*** Collected data ***

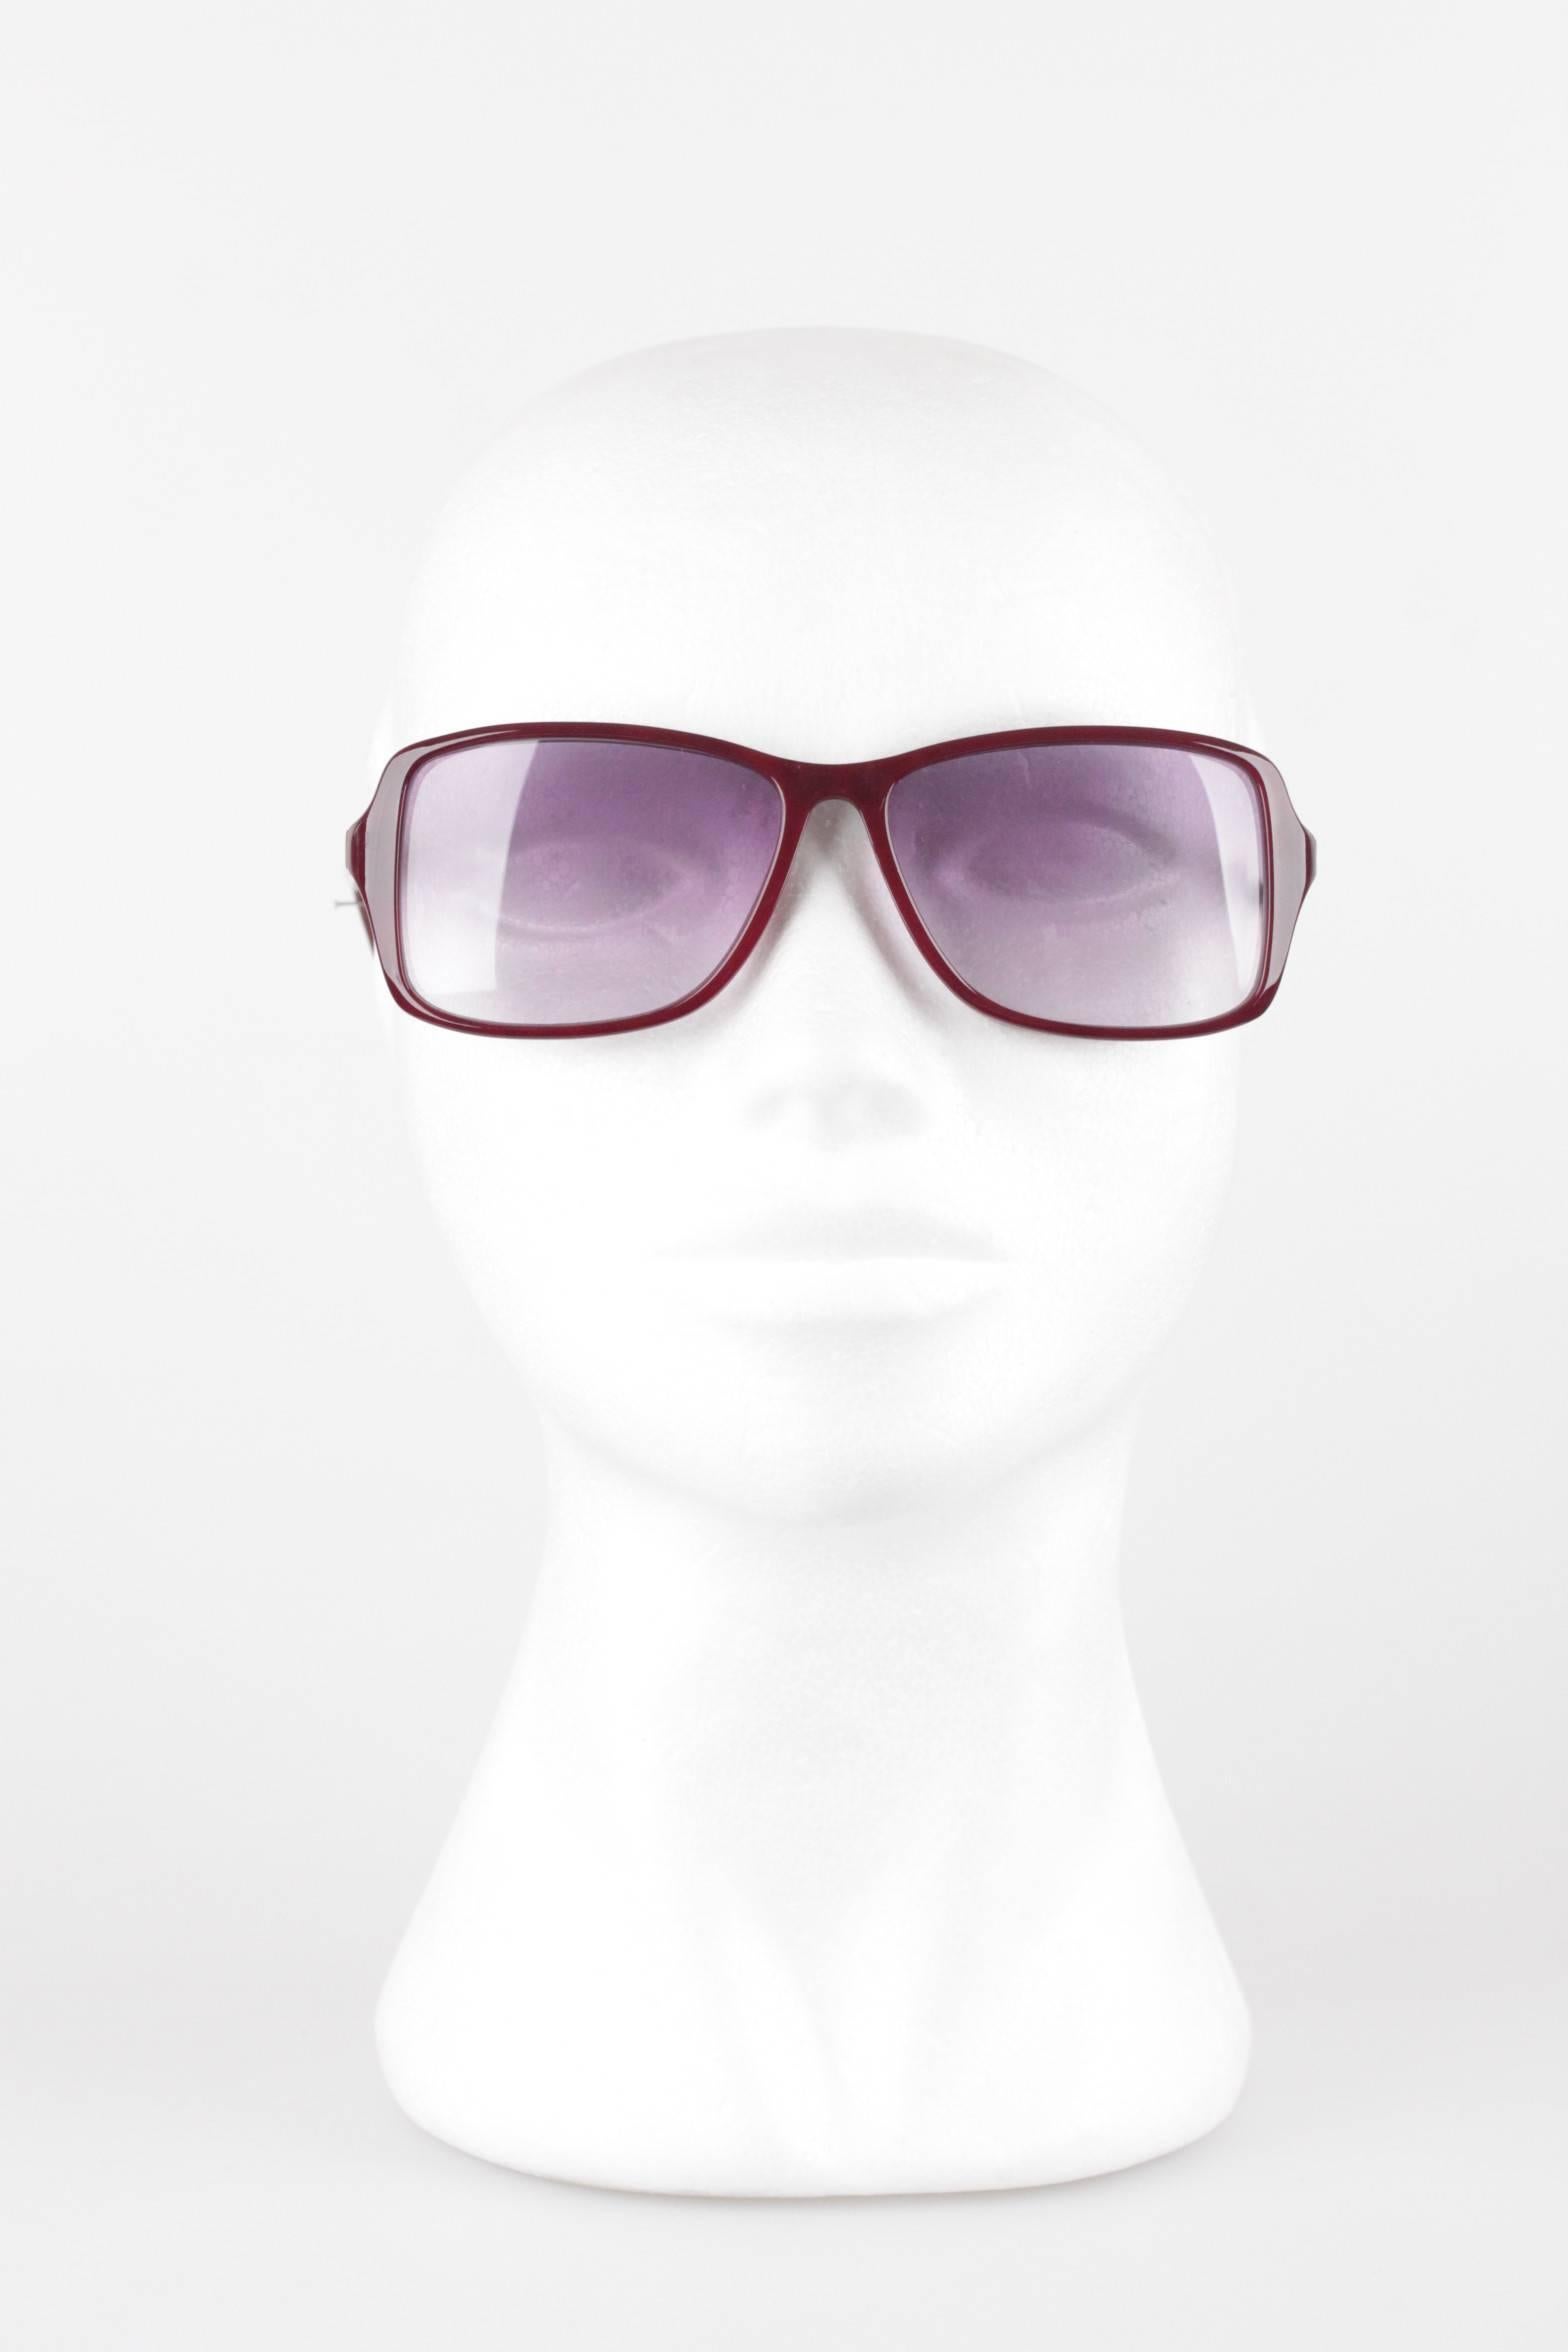 YVES SAINT LAURENT vintage MINT/PRISTINE sunglasses

Mod. ICARE - 59/14 - 537- Made in France

Burgundy half aviator / rectangular shape. Purple GRADIENT mint 100% UV protection lenses

Condition: A+ :MINT CONDITION! Mint item. Never worn or

*** End of Collected data ***

Everything from the line with "Burgundy half aviator" through the last line of the data is to be retyped verbatim, with no other text.

[The completed task]
Burgundy half aviator / rectangular shape. Purple GRADIENT mint 100% UV protection lenses

Condition: A+ :MINT CONDITION! Mint item. Never worn or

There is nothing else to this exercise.